Qin Zhenkai, Luo Qining, Zang Zhidong, Fu Hongpeng
College of Information Technology, Guangxi Police College, Juntang Street, Nanning, Guangxi, China.
School of Social Development, Yangzhou University, Yangzhou, 225009, China.
Sci Rep. 2025 Mar 24;15(1):10112. doi: 10.1038/s41598-025-93023-3.
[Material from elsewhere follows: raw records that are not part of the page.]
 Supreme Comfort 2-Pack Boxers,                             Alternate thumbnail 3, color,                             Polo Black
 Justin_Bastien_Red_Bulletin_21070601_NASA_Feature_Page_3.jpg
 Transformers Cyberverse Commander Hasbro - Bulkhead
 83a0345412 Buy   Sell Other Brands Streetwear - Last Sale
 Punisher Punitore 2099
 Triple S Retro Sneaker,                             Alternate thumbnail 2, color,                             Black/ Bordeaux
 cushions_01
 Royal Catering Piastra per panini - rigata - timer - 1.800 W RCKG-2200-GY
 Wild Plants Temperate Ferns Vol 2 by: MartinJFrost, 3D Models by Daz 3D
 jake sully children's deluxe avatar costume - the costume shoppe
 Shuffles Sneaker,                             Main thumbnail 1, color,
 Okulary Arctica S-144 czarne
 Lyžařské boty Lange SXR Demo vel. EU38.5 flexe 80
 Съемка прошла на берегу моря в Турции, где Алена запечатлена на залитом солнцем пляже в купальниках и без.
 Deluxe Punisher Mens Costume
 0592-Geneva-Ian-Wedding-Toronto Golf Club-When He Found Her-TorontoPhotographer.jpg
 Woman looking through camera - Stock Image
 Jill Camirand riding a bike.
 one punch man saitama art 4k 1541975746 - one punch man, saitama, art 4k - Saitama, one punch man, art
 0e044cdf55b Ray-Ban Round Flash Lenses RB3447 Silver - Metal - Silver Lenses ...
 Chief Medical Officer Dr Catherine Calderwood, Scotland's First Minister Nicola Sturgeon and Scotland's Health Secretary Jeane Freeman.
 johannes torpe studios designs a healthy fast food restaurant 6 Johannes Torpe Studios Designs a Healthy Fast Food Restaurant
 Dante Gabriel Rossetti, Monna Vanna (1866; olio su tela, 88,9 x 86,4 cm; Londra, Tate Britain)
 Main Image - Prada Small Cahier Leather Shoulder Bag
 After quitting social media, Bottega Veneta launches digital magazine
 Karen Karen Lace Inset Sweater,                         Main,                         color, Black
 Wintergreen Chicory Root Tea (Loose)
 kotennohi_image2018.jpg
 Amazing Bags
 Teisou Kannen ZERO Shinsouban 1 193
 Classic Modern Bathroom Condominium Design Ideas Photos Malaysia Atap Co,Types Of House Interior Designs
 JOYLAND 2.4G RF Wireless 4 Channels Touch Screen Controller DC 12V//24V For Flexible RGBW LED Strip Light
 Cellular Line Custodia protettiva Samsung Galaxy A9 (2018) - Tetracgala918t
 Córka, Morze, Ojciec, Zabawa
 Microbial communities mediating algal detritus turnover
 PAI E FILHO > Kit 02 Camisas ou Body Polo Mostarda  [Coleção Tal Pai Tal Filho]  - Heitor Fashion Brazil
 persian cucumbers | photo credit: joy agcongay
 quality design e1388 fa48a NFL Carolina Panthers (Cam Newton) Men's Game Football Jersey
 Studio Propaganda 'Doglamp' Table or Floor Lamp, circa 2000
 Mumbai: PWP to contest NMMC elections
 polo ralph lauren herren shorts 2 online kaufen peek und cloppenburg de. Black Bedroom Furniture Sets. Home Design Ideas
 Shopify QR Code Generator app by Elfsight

Multimodal sentiment analysis combines text, audio, and visual signals to understand human emotions. However, current methods often face challenges in handling asynchronous signals and capturing long-term dependencies between different modalities. Early techniques that merge multiple modalities often introduce unnecessary complexity, while newer methods that treat each modality separately may miss important relationships between the signals. Transformer-based models are effective, but they are typically too resource-heavy for practical use. To overcome these issues, we introduce the multimodal GRU model (MulG), which uses a cross-modal attention mechanism to better synchronize the different signals and capture their dependencies. MulG also employs GRU layers, which are efficient in handling sequential data, making it both accurate and computationally efficient. Extensive experiments on datasets such as CMU-MOSI, CMU-MOSEI, and IEMOCAP demonstrate that MulG outperforms existing methods in accuracy, F1 score, and correlation. Specifically, MulG achieves 82.2% accuracy on CMU-MOSI's 7-class task, 82.1% on CMU-MOSEI, and 90.6% on IEMOCAP's emotion classification. Further ablation studies show that each component of the model contributes significantly to its overall performance. By addressing the limitations of previous approaches, MulG offers a practical and scalable solution for applications like analyzing user-generated content and improving human-computer interaction.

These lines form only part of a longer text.